[[ Data provided, beginning ]]

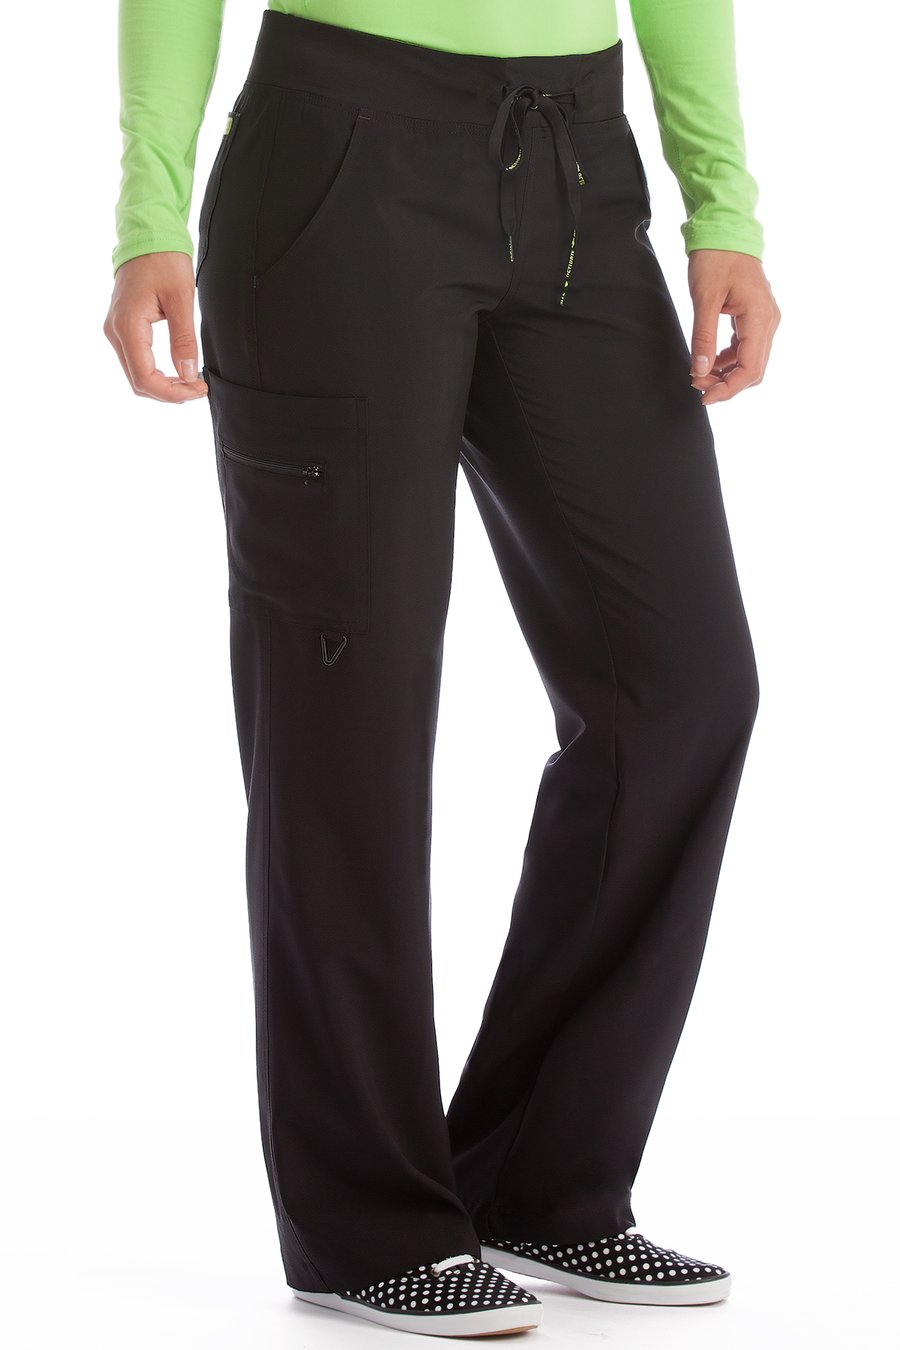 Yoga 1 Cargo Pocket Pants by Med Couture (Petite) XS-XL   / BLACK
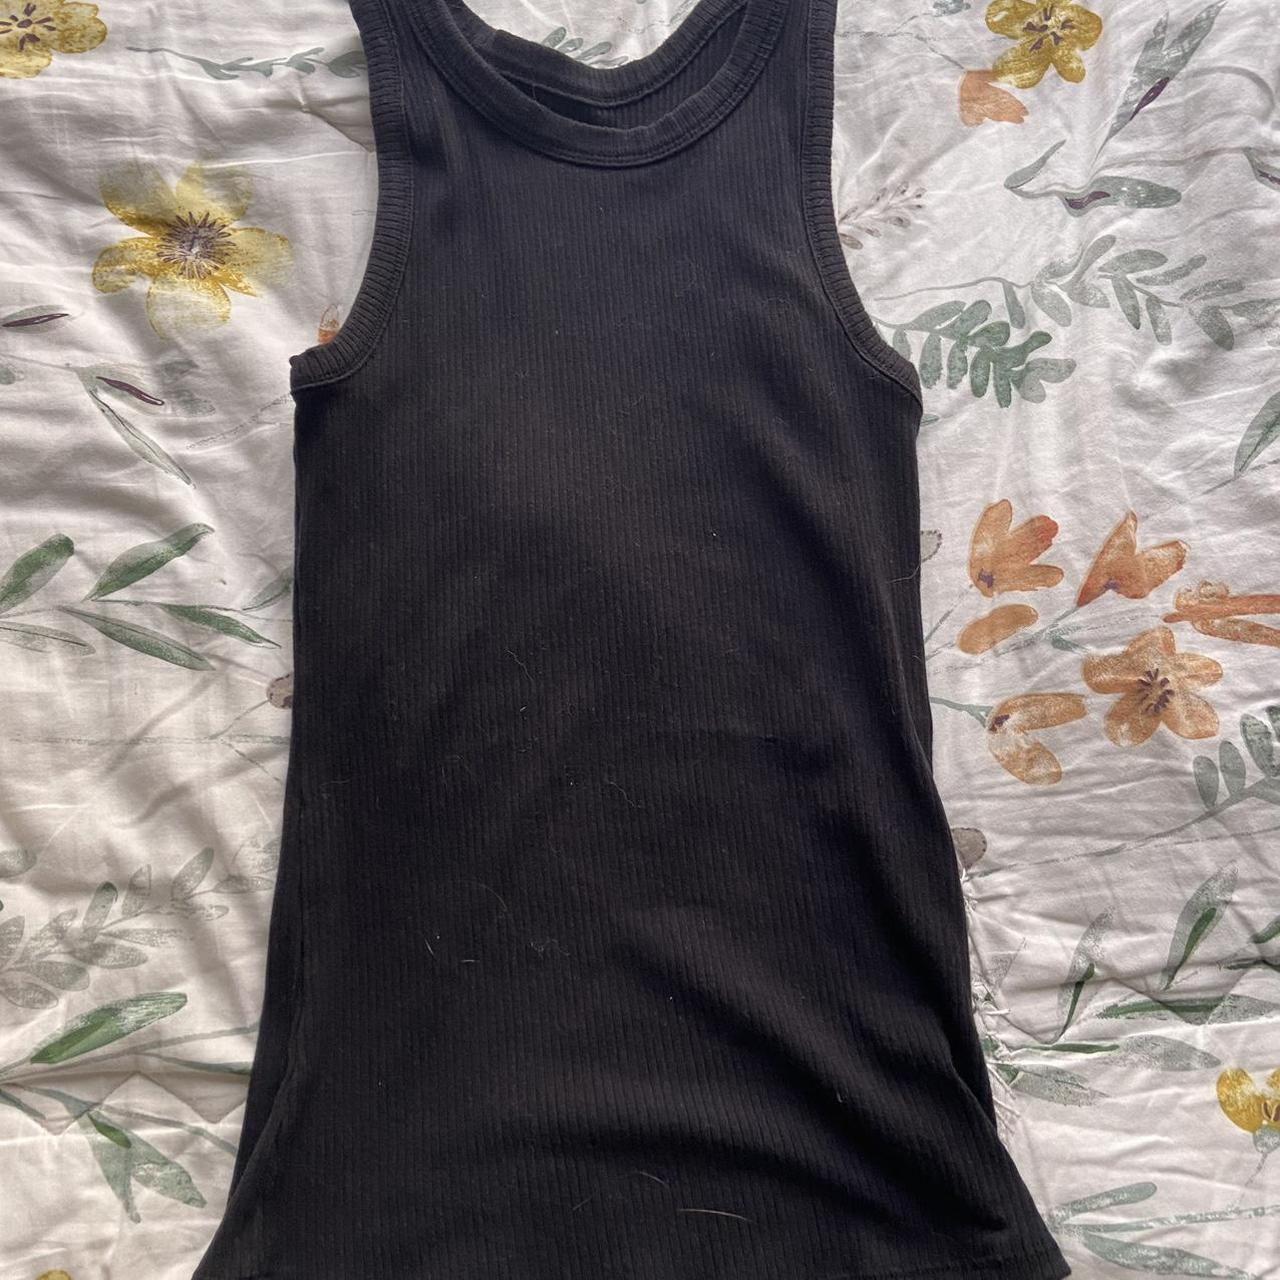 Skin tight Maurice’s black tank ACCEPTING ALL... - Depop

[[ Data provided, end ]]
[[ Data provided, beginning ]]

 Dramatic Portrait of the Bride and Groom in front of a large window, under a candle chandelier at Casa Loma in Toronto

[[ Data provided, end ]]
[[ Data provided, beginning ]]

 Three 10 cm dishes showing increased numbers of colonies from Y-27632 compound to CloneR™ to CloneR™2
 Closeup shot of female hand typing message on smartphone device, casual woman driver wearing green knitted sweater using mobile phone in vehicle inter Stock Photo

[[ Data provided, end ]]

Using the records above, repeat exactly the run of lines that starts with the line with "Yoga 1 Cargo" and goes on through the line with "Skin tight Maurice’s"; omit each picture.

## Exercise answer
 Yoga 1 Cargo Pocket Pants by Med Couture (Petite) XS-XL   / BLACK
 Skin tight Maurice’s black tank ACCEPTING ALL... - Depop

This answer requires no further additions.